The proof I'm struggling with is the following:

Let $\mathcal{E}$ be a cipher defined over $(K, M, C)$. Suppose that $SSadv[A, \mathcal{E}] ≤ \epsilon$ for all adversaries $A$, even including computationally unbounded ones. Show that $|K| \geq (1 − \epsilon)|M|$.

The semantic security advantage, $SSadv[A, \mathcal{E}]$ of an adversary $A$ (in a standard attack game) over cipher $\mathcal{E}$ is defined as:

$SSadv[A, \mathcal{E}] := |Pr[φ(E(k, m_1))] − Pr[φ(E(k, m_0))]|$

Where $φ$ is a binary predicate on the ciphertext space $C$ (and the associated probability is the probability of the binary predicate evaluating to $1$), $k$ is a random variable uniformly distributed over the key space $K$, and $m_0, m_1 \in M$ (message space) are chosen by the adversary $A$, although the inequality $SSadv[A, \mathcal{E}] ≤ \epsilon$ should hold for all $m_0, m_1 \in M$.
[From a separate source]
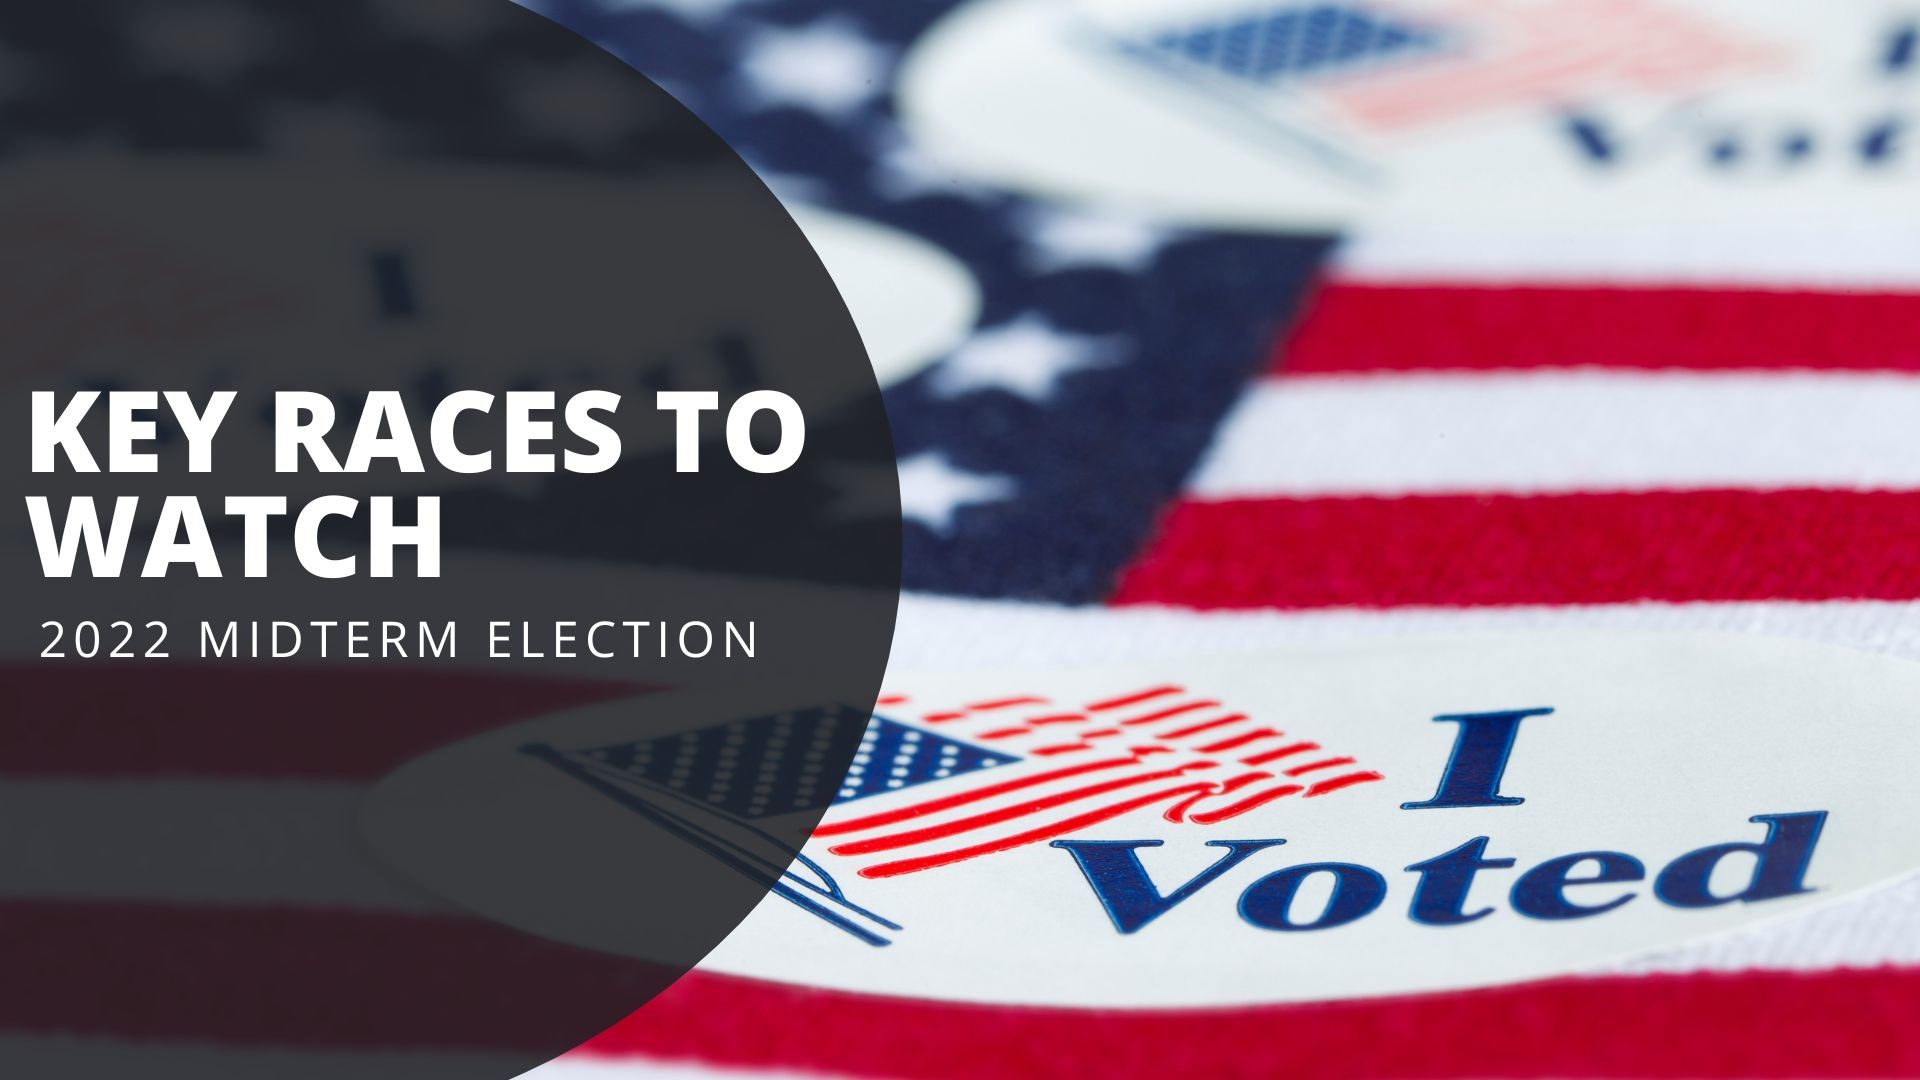 The key races to watch for in the 2022 midterm elections, from governor races to control of the House and Senate, we break down the most contested races.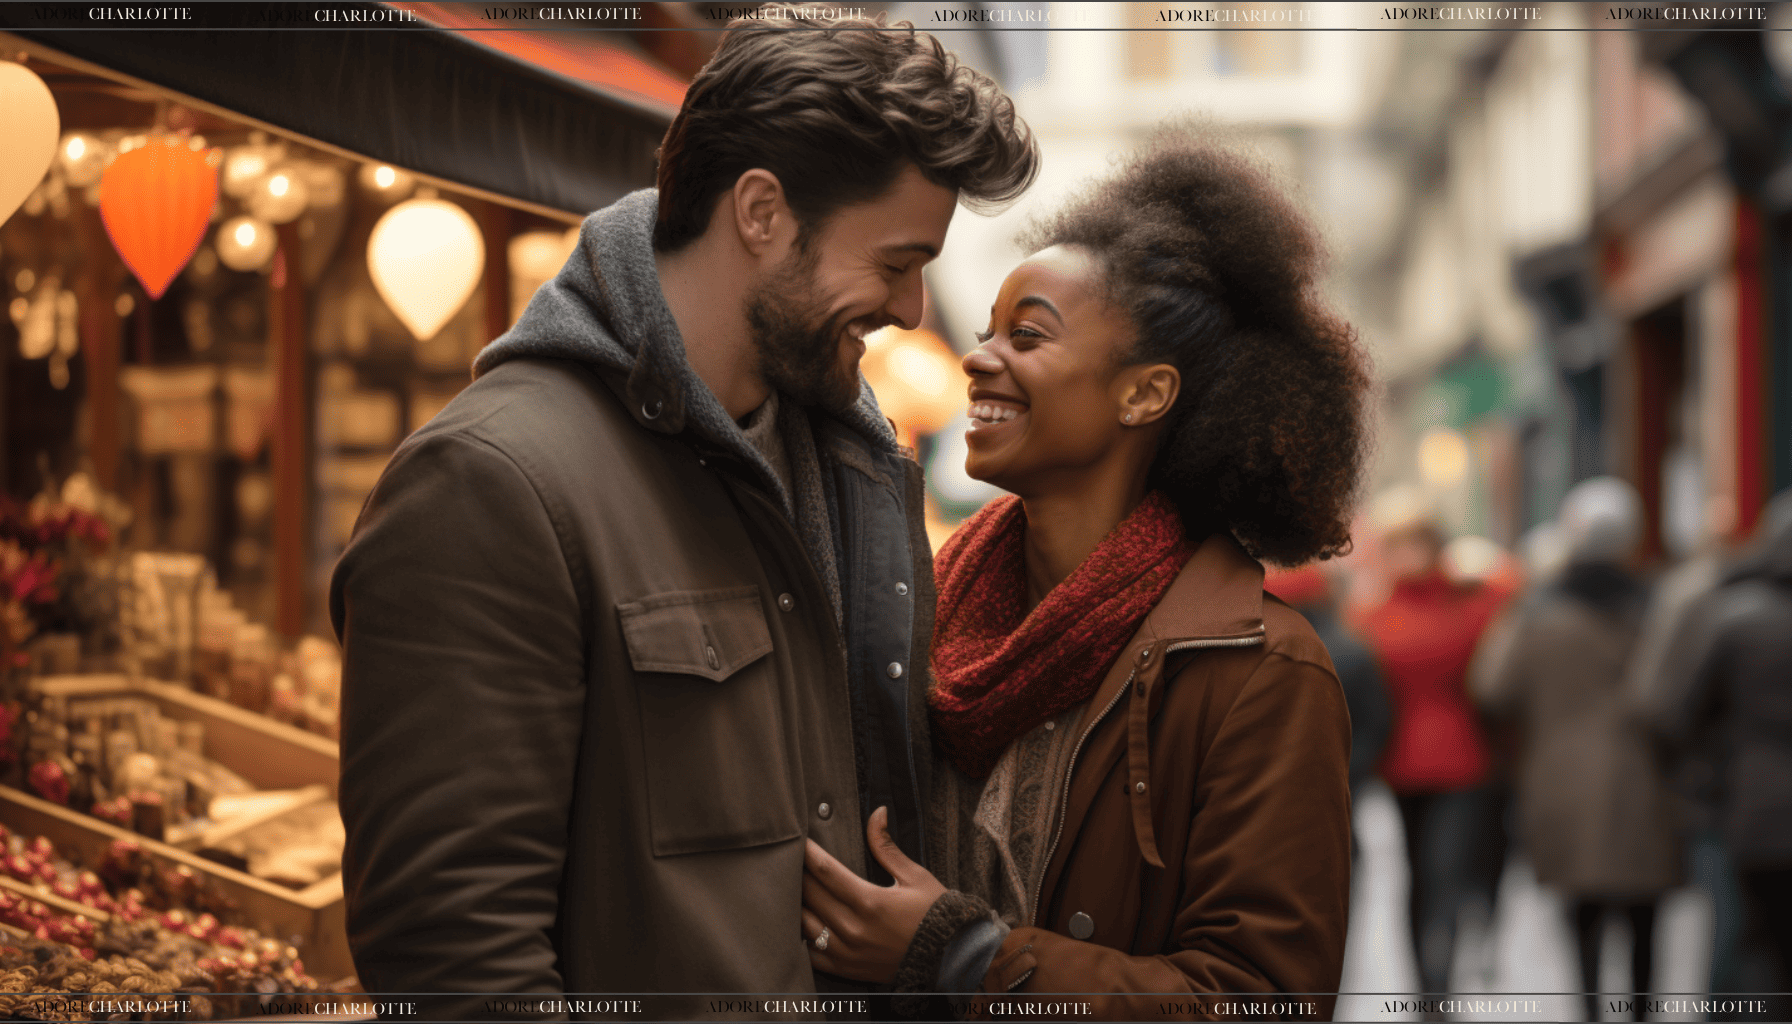 Smiling biracial couple in a cozy embrace on a bustling city street, with the white male gazing affectionately at his light-skinned black partner who is looking back with a radiant smile. Both are stylishly dressed for chilly weather, suggesting a warm moment on a cool day. The blurred background with shoppers and colorful city lights creates an intimate and joyful atmosphere.Smiling biracial couple in a cozy embrace on a bustling city street, with the white male gazing affectionately at his light-skinned black partner who is looking back with a radiant smile. Both are stylishly dressed for chilly weather, suggesting a warm moment on a cool day. The blurred background with shoppers and colorful city lights creates an intimate and joyful atmosphere.

Thus, what we are trying to prove is:

$|Pr[φ(E(k, m_1))] − Pr[φ(E(k, m_0))]| ≤ \epsilon \implies |K| \geq (1 − \epsilon)|M|$

How would I approach this?

Answer 1

Assume for the sake of contradiction that $|K|<(1-\epsilon)|M|$. We will define an adversary which has semantic advantage greater than $\epsilon$. Let $S=\{D(k,c)|k\in K\}$, where D is the decryption function of our cipher $\mathcal{E}$. We define our adversary A with the following characteristics:

1. $m_0,m_1\in M$ are chosen randomly
2. The predicate $\phi$ is chosen randomly with equal probability from either $\phi_1$ and $\phi_2$, which we define below
3. If $m_0\in S$ and $m_1\not \in S$, then $\phi_1(c)=\phi_2(c)=0$.
4. If $m_0 \not \in S$ and $m_1 \in S$, then $\phi_1(c)=\phi_2(c)=1$.
5. If both $m_0$ or $m_1$ are in S, then $\phi_1(c)=1$ and $\phi_2(c)=0$

(Note that while such a predicate function exists, it might not be an efficient one, ergo the part of the problem statement allowing for computationally unbounded adversaries.)

We have the following:

$$Pr[φ(E(k, m_1))]=Pr[\phi=\phi_1]Pr[m_0 \in S\; \text{and } m_1\in S]+Pr[m_0\not\in S \text{ and } m_1\in S]$$ $$Pr[φ(E(k, m_0))]=Pr[\phi=\phi_2]Pr[(m_0 \in S\; \text{and } m_1\in S)]$$

Note that both probabilities are implicitly conditioned on S, which depends on the message the challenger encrypts and sends to the adversary. Also, $Pr[\phi=\phi_1]=\frac{1}{2}$, since we chose our predicate function randomly. Moreover, in the first case $E(k,m_1)\in S$ trivially, and in the second case $E(k,m_0)\in S$, yielding that $$Pr[φ(E(k, m_1))]=\frac{1}{2}Pr[m_0 \in S]+Pr[m_0\not\in S]=\frac{1}{2}\frac{|S|}{|M|}+1-\frac{|S|}{|M|}$$ $$Pr[φ(E(k, m_0))]=\frac{1}{2}Pr[(m_1\in S)]=\frac{1}{2}\frac{|S|}{|M|}$$ So that $SSadv[A, \mathcal{E}] = 1-\frac{|S|}{|M|}$. Now $|S|\leq |K|$ by definition, and so by our assumption at the beginning $|S|<(1-\epsilon)|M|$. Therefore, $SSadv[A, \mathcal{E}]>\epsilon$, which is a contradiction, meaning that $|K|\geq (1-\epsilon)|M|$ as desired.